Quick data exploration with pandas, matplotlib and seaborn
In this JupyterLab Python notebook we are going to look at the rate of coronavirus (COVID-19) cases in french departments (administrative divisions of France). The data source is the french government’s open data.
We are going to perform a few operations, such has filtering some data, pivoting some tables, smoothing time series with a rolling window or plotting an heatmap.
Disclaimer : although we are going to use some COVID-19 data in this notebook, I want the reader to know that I have ABSOLUTELY no knowledge in epidemiology or any medicine-related subject.

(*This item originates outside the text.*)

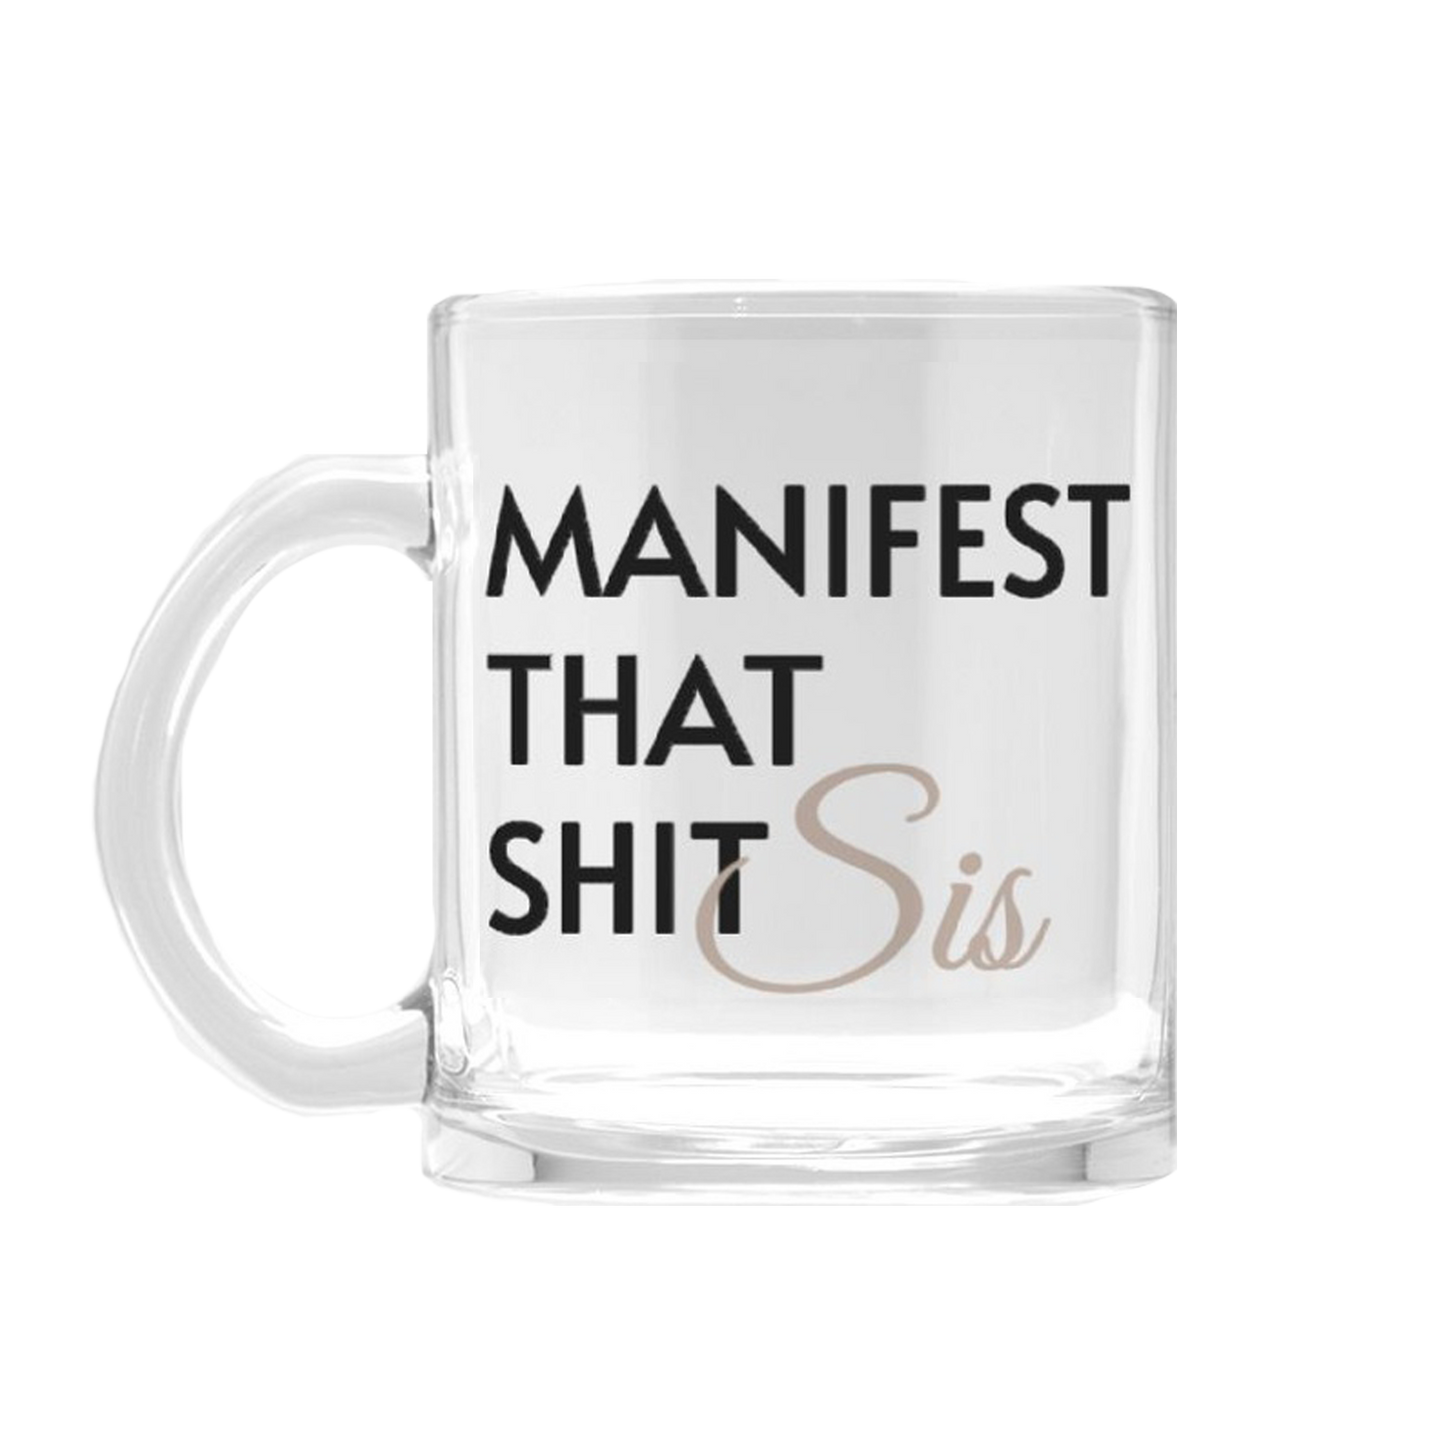 Manifest That Shit Sis Glass Mug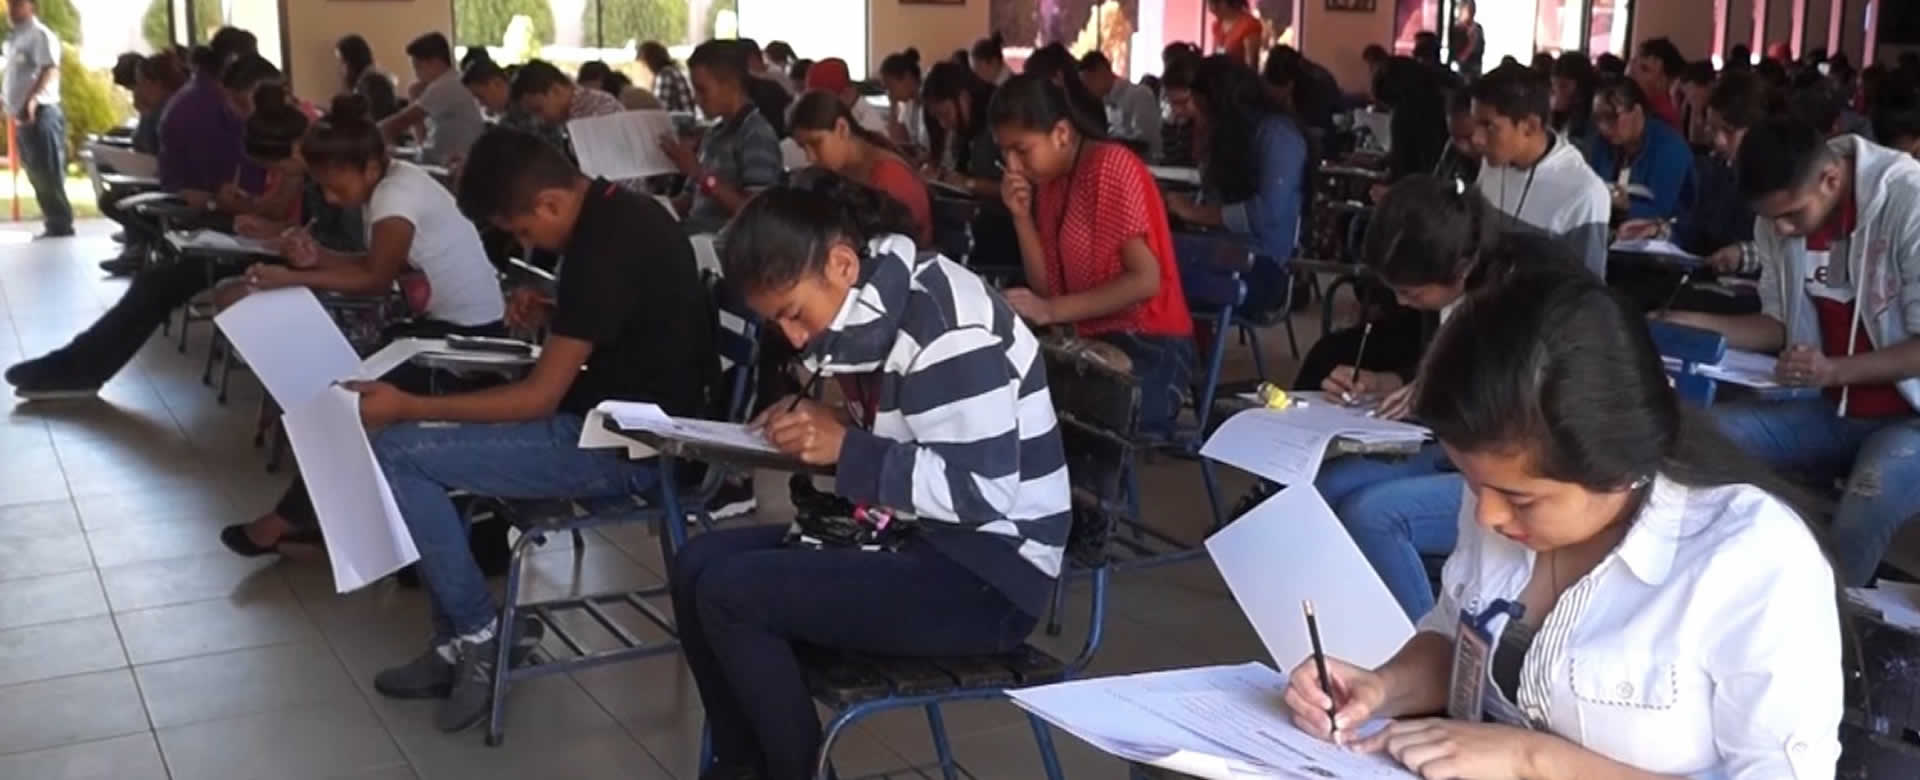 Miles de Bachilleres realizan examen de admisión en la FAREM-Estelí

The point of this post is not COVID-19 at all but only to show an application of the Python data stack.
Imports
import pandas as pd
import matplotlib.pyplot as plt
import seaborn as sns
import colorcet as cc
FS = (16, 8) # figure size
Loading the data
We load the data from an URL straight to a pandas DataFrame:
tests = pd.read_csv(
"https://www.data.gouv.fr/fr/datasets/r/406c6a23-e283-4300-9484-54e78c8ae675",
sep=";",
low_memory=False,
)
tests.head(2)
| dep | jour | P | T | cl_age90 | pop | |
|---|---|---|---|---|---|---|
| 0 | 01 | 2020-05-13 | 0 | 16 | 9 | 83001.0 |
| 1 | 01 | 2020-05-13 | 1 | 17 | 19 | 84665.0 |
We have 6 columns here:
dep: department’s codejour: dateP: number of positive tests per dayT: number of tests per daycl_age90: age grouppop: population corresponding to an age group and a department
We have 11 age group values, however 0 gathers all age groups:
tests.cl_age90.unique().tolist()
[9, 19, 29, 39, 49, 59, 69, 79, 89, 90, 0]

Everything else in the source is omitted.